> _ACTIVITY_
Repeat each record word for word. Leave nothing out.

Dataset excerpts
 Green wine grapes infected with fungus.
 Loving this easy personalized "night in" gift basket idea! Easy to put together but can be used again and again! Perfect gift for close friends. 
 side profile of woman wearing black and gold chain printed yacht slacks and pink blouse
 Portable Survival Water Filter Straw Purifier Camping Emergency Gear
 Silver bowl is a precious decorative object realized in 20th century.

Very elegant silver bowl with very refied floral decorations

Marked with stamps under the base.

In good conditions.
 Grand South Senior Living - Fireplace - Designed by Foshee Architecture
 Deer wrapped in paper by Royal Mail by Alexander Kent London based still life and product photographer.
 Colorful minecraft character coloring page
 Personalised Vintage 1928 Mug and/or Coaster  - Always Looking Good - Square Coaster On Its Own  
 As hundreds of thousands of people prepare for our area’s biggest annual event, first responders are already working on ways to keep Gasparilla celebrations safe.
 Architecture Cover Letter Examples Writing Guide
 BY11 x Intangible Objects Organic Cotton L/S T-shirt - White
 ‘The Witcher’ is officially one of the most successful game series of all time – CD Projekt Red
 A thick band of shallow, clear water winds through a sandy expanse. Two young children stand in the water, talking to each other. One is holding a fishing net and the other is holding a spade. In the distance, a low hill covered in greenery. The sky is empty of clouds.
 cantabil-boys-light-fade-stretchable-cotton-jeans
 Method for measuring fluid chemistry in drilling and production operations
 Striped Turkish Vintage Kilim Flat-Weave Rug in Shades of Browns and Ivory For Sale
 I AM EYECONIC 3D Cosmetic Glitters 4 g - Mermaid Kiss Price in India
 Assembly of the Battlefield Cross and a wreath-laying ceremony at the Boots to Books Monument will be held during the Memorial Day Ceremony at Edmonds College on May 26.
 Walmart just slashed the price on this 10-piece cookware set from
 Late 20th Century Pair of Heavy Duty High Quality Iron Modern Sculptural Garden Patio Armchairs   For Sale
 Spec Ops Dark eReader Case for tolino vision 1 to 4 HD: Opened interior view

> _ANSWER BOX_
 Green wine grapes infected with fungus.
 Loving this easy personalized "night in" gift basket idea! Easy to put together but can be used again and again! Perfect gift for close friends. 
 side profile of woman wearing black and gold chain printed yacht slacks and pink blouse
 Portable Survival Water Filter Straw Purifier Camping Emergency Gear
 Silver bowl is a precious decorative object realized in 20th century.

Very elegant silver bowl with very refied floral decorations

Marked with stamps under the base.

In good conditions.
 Grand South Senior Living - Fireplace - Designed by Foshee Architecture
 Deer wrapped in paper by Royal Mail by Alexander Kent London based still life and product photographer.
 Colorful minecraft character coloring page
 Personalised Vintage 1928 Mug and/or Coaster  - Always Looking Good - Square Coaster On Its Own  
 As hundreds of thousands of people prepare for our area’s biggest annual event, first responders are already working on ways to keep Gasparilla celebrations safe.
 Architecture Cover Letter Examples Writing Guide
 BY11 x Intangible Objects Organic Cotton L/S T-shirt - White
 ‘The Witcher’ is officially one of the most successful game series of all time – CD Projekt Red
 A thick band of shallow, clear water winds through a sandy expanse. Two young children stand in the water, talking to each other. One is holding a fishing net and the other is holding a spade. In the distance, a low hill covered in greenery. The sky is empty of clouds.
 cantabil-boys-light-fade-stretchable-cotton-jeans
 Method for measuring fluid chemistry in drilling and production operations
 Striped Turkish Vintage Kilim Flat-Weave Rug in Shades of Browns and Ivory For Sale
 I AM EYECONIC 3D Cosmetic Glitters 4 g - Mermaid Kiss Price in India
 Assembly of the Battlefield Cross and a wreath-laying ceremony at the Boots to Books Monument will be held during the Memorial Day Ceremony at Edmonds College on May 26.
 Walmart just slashed the price on this 10-piece cookware set from
 Late 20th Century Pair of Heavy Duty High Quality Iron Modern Sculptural Garden Patio Armchairs   For Sale
 Spec Ops Dark eReader Case for tolino vision 1 to 4 HD: Opened interior view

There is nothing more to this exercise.